The mailer he was sending out would not be. It didn’t have his name on it, or even his address.
At the end of the hallway, Dino pulled open the chute that had been installed the year before in the building on every floor. It allowed the renters to drop in whatever they wanted mailed, and it would be sent out before the hour was up.
One benefit to paying high maintenance costs, Dino thought.
He dropped the mailer into the slot, hearing it hit the sides of the chute with loud thumps before it finally came to a stop on the bottom floor’s mailing cart.
Dino only had the time to close his apartment door when he heard the first bang of boots coming down the hallway.
The officials only had to knock once before he let them in.
“DINO DeLuca,” the agent said, strolling into the interrogation room with files in hand. Behind him came another agent, and in his hands he held a familiar garbage can. “How’re you feeling, Dino? Comfortable? Hungry? Cigarette?”

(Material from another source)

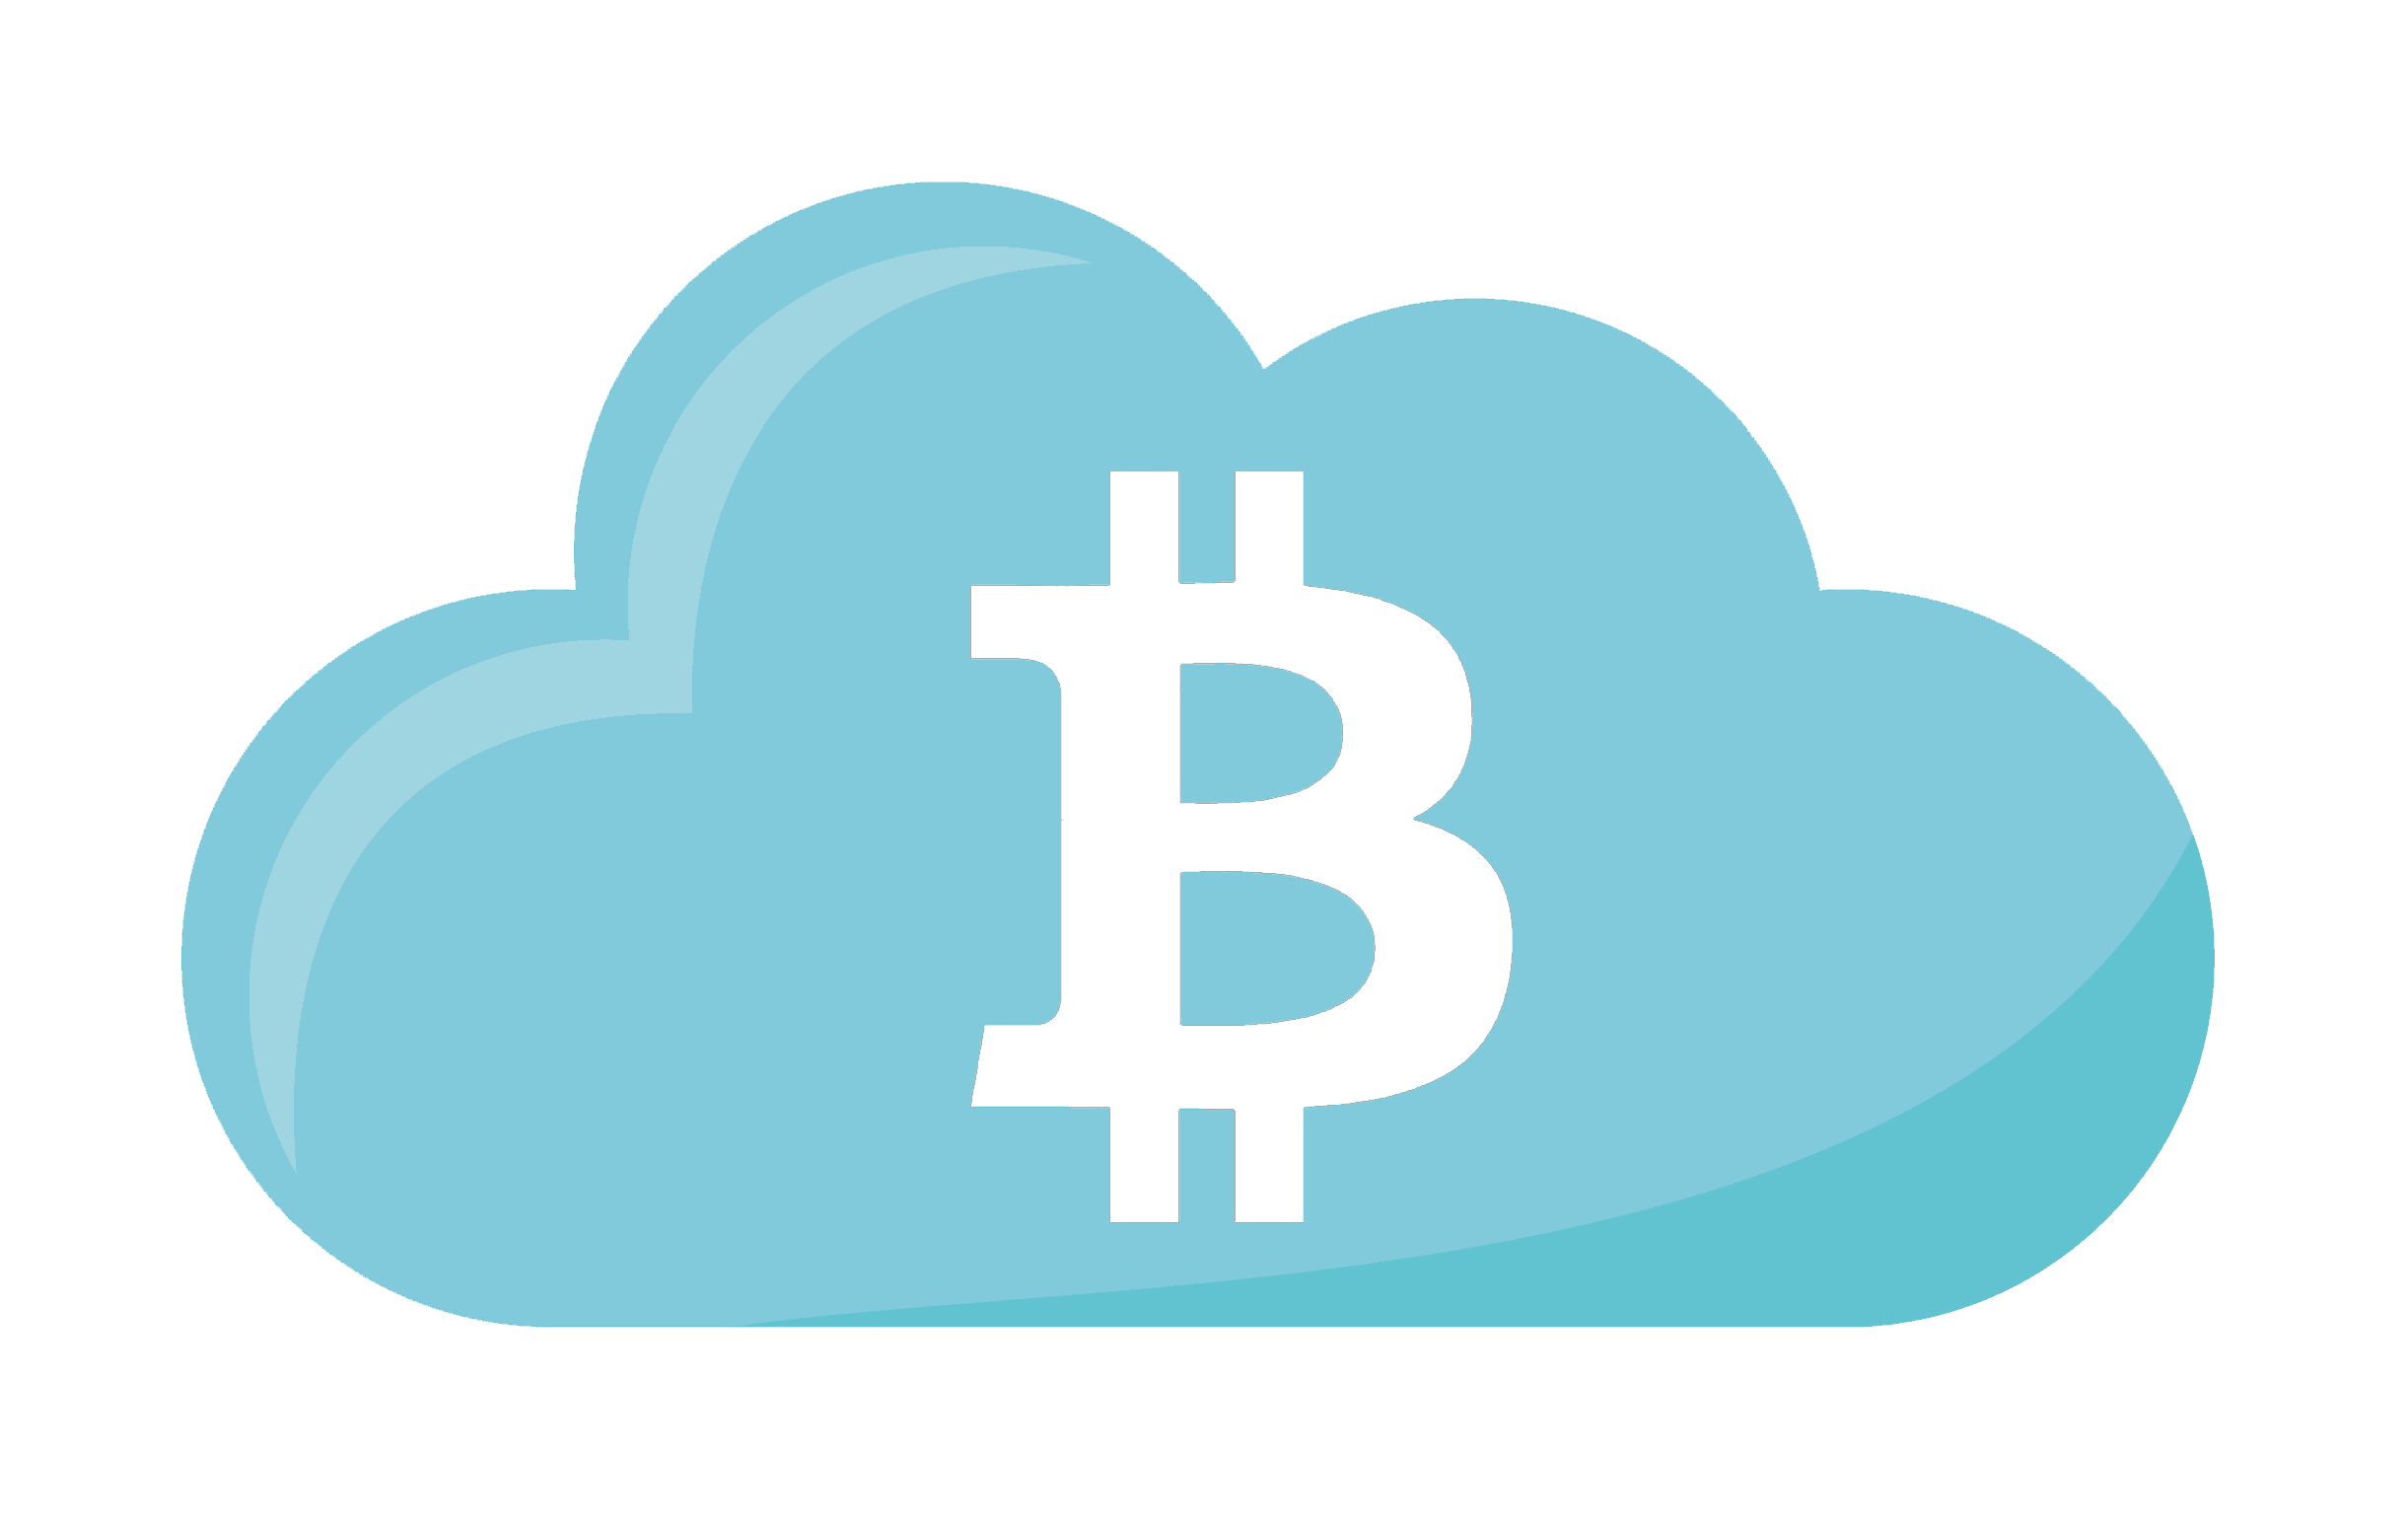 Bitcoin cloud

Dino flicked the agent with a disinterested look, and then went back to studying the marks on his wrists from the cuffs being put on too tightly. “Fuck off.”
“That’s not a particularly great way to start this conversation.”
“Please fuck off,” Dino said, not bothering in the slightest to hide his smirk at the anger that flashed in the agent’s eyes.
“The hard way it is.”
Dino had no idea what the fool was talking about, and while he was sure he wouldn’t like it, he wisely chose to stay quiet as the other agent placed the garbage can on the table top. He could see the dusting of ash around the rim, and the marks on the side that said they had tried to get fingerprints off the item.